| Task details |
Among the entries below, which lines run from the line with "Doc Mcstuffins Birthday Party Decorations" through the line with "Doc McStuffins party"? Retype those, both ends included, exactly and without pictures.

| Records for this task |

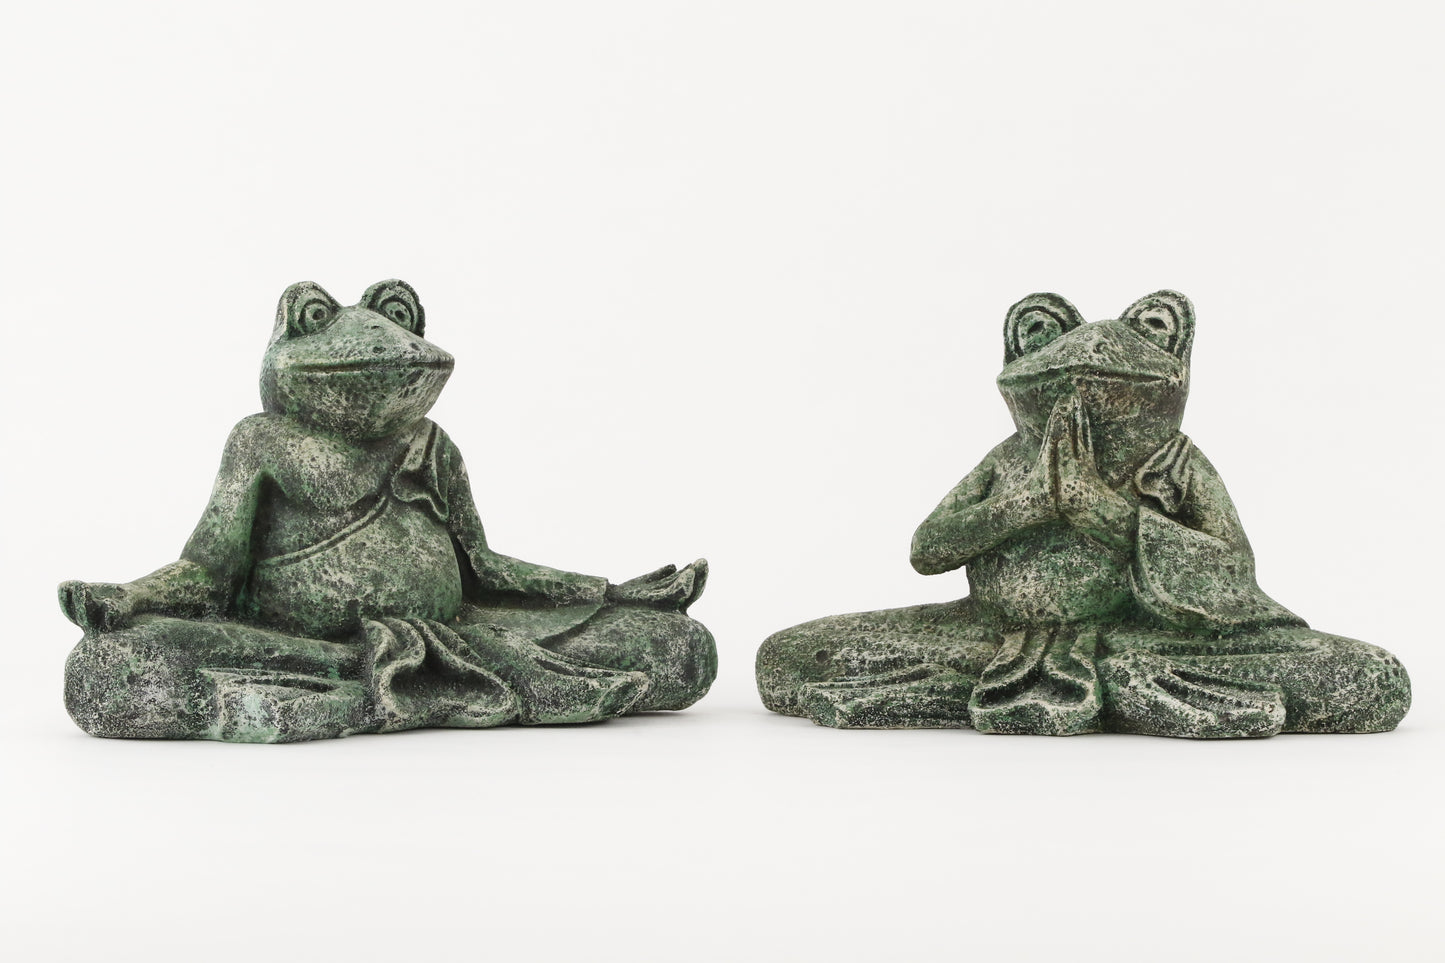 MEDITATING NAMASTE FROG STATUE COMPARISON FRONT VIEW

--

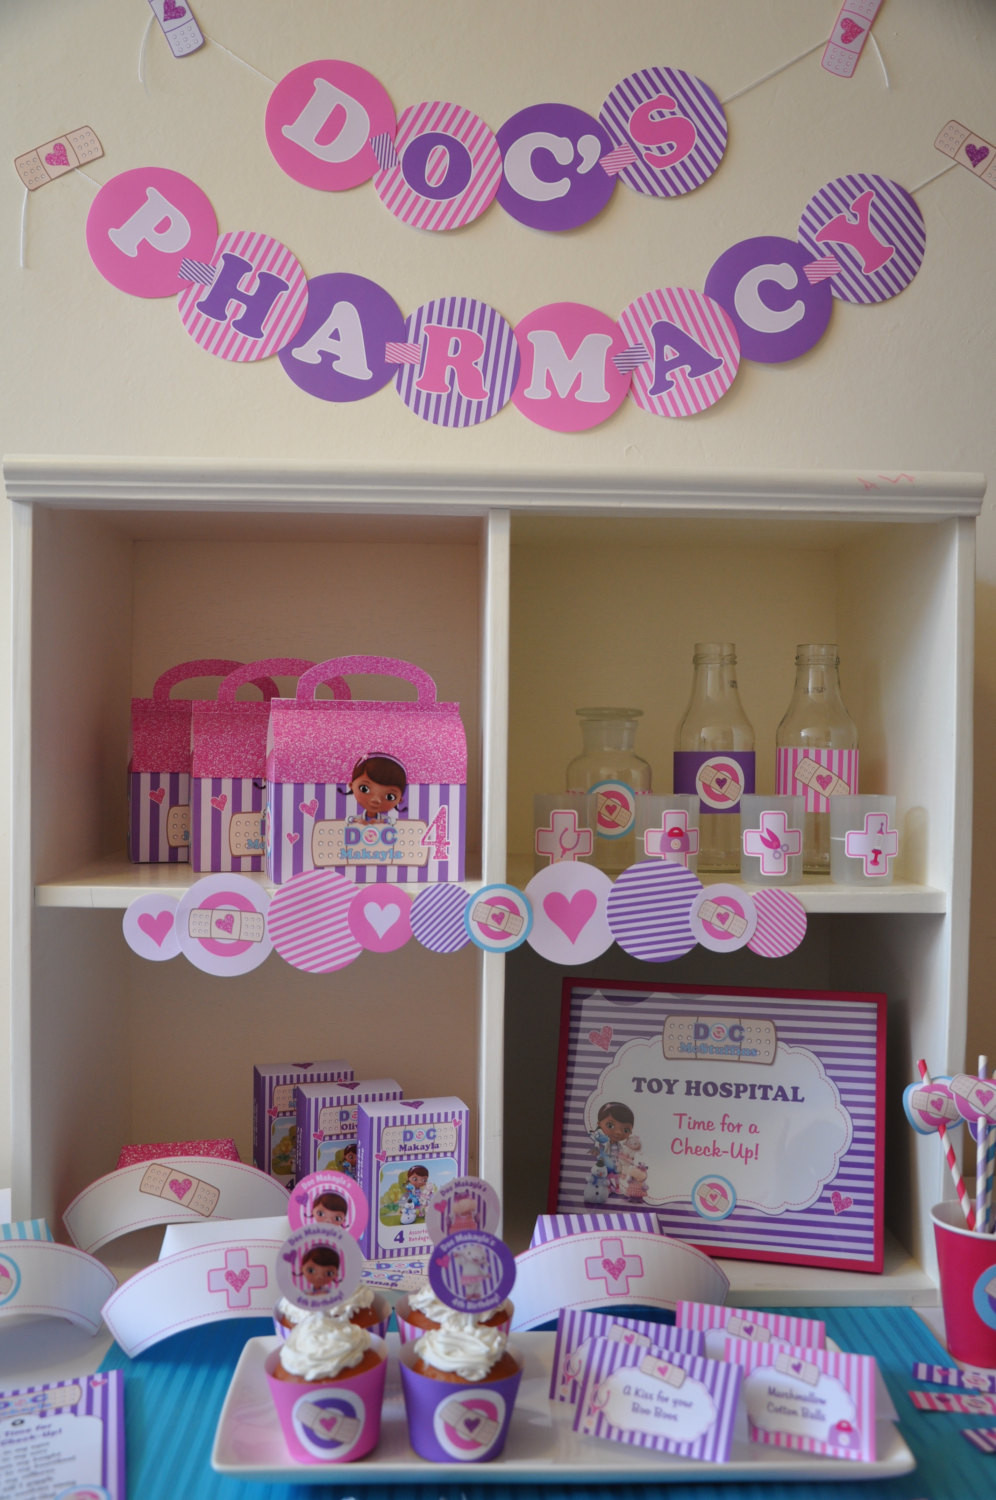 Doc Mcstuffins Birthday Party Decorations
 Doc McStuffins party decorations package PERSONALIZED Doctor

| Answer for this exercise |
 Doc Mcstuffins Birthday Party Decorations
 Doc McStuffins party decorations package PERSONALIZED Doctor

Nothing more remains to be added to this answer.